While Virgil dealt in the first volumes mostly with the inventors of the ancient world, he devoted himself in the five subsequent volumes the beginning (ie, inventions ) of Christian institutions. With his perceptive analysis of the institutions of the Christian Church ( Priesthood, confession, sacrifice, various rites, etc.), as they existed in his time, and their beginnings in Jewish and Roman customs and institutions or as papal renewals, entered Virgil territory and contributed significantly to historization the process of becoming the medieval church. Overall, it can be De Rerum inventoribus be seen as a prototypical cultural history. During the first decades of the Reformation Virgil always remained faithful to the Roman Church; but with his critical remarks about the origins and thus the legitimacy of the institutions drew Virgil 's attention to the censors on his book.
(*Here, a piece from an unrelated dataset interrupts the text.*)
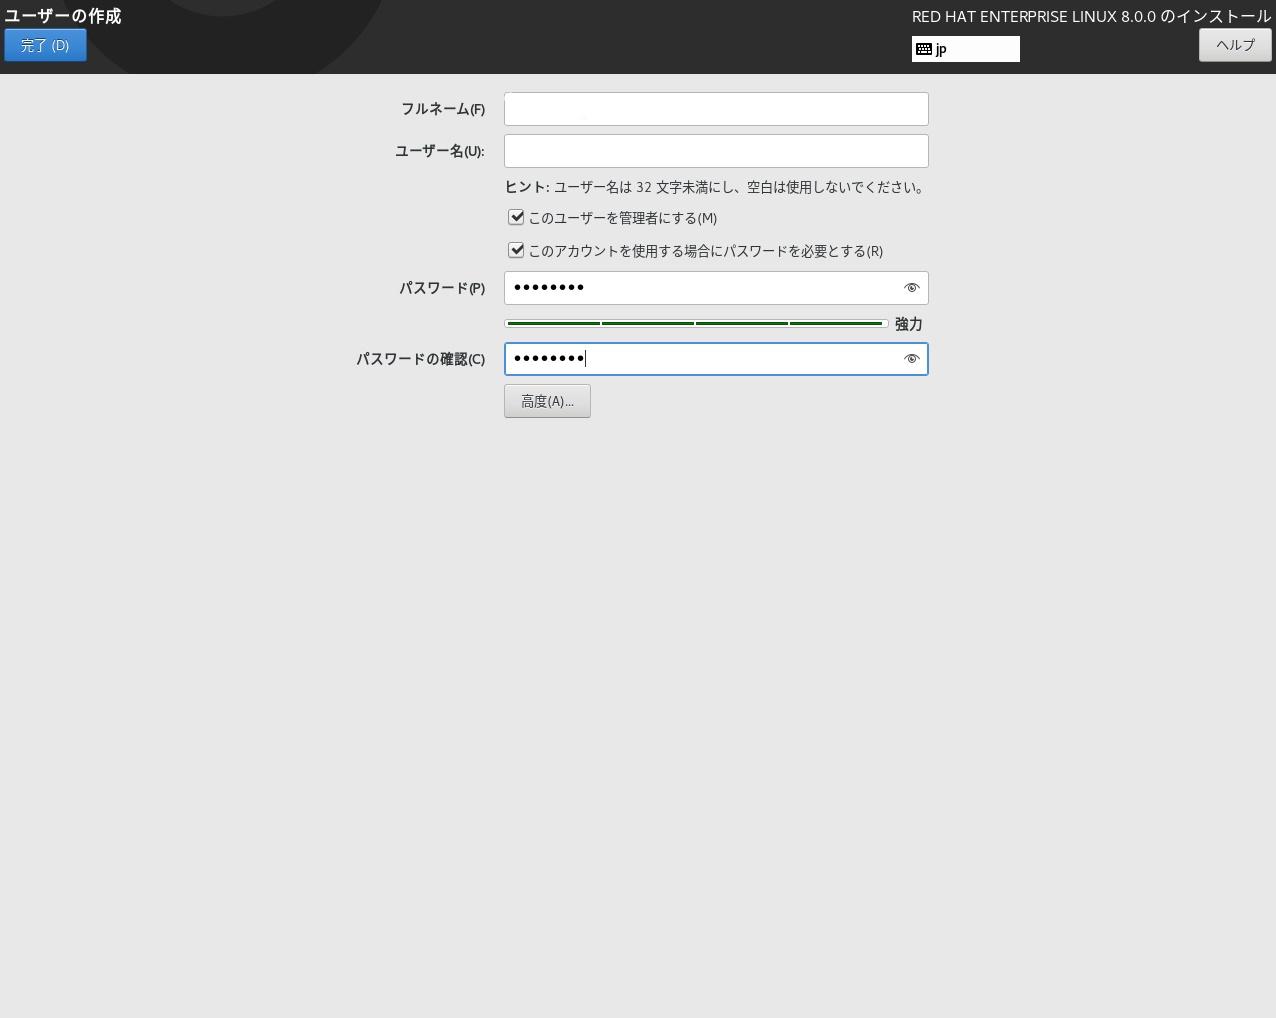 Inkedrhel8_install-25_LI

It was recorded in the mid-16th century in the Index of prohibited books; later editions had expurgiert in Catholic countries (ie " clean " ) are.

In numerous libraries with historical collection of books editions of one or more works are to be found Virgil; alone in the Munich State Library, there are 61 copies of De Rerum inventoribus in 41 editions. Even in Virgil's time this work has been translated into five languages ​​and reprinted 40 times; it was a Renaissance bestseller.

Other works

  • The edition of the 8th edition of Niccolò Pirotti huge Martial comment, cornucopiae, Venice 1496
  • Inventoribus 1525 Printed in dominicam precem commentariolum (Commentary on the Our Father ), first with De Rerum in Basel,
  • Calamitate an edition of Gildas ' De, Excidio et conquestu Britanniae, the first critical edition of one of the older English historiography work, printed in 1525
  • At the suggestion of Erasmus translated Virgil a short work, the church father John Chrysostom attributed Regis et monachi comparatio ( printed Paris 1530)
  • De prodigiis et sortibus libri III ( 1526 and 1527 written, but only 1531 printed ); Virgil devoted this dialogue Francesco Maria della Rovere, Duke of Urbino.
  • Three dialogues, printed 1545 in Basel: De patientia et eius fructu libri II, De vita perfecta liber I and De veritate et mendacio liber I. The first dialogue, over- the patience was Guidobaldo II, Duke of Urbino, was dedicated.
  • His last dialogue De Iureiurando et periurio liber I, John, dedicated to the 1st Duke of Northumberland, was printed along with the previous four dialogues in 1553 in Basel.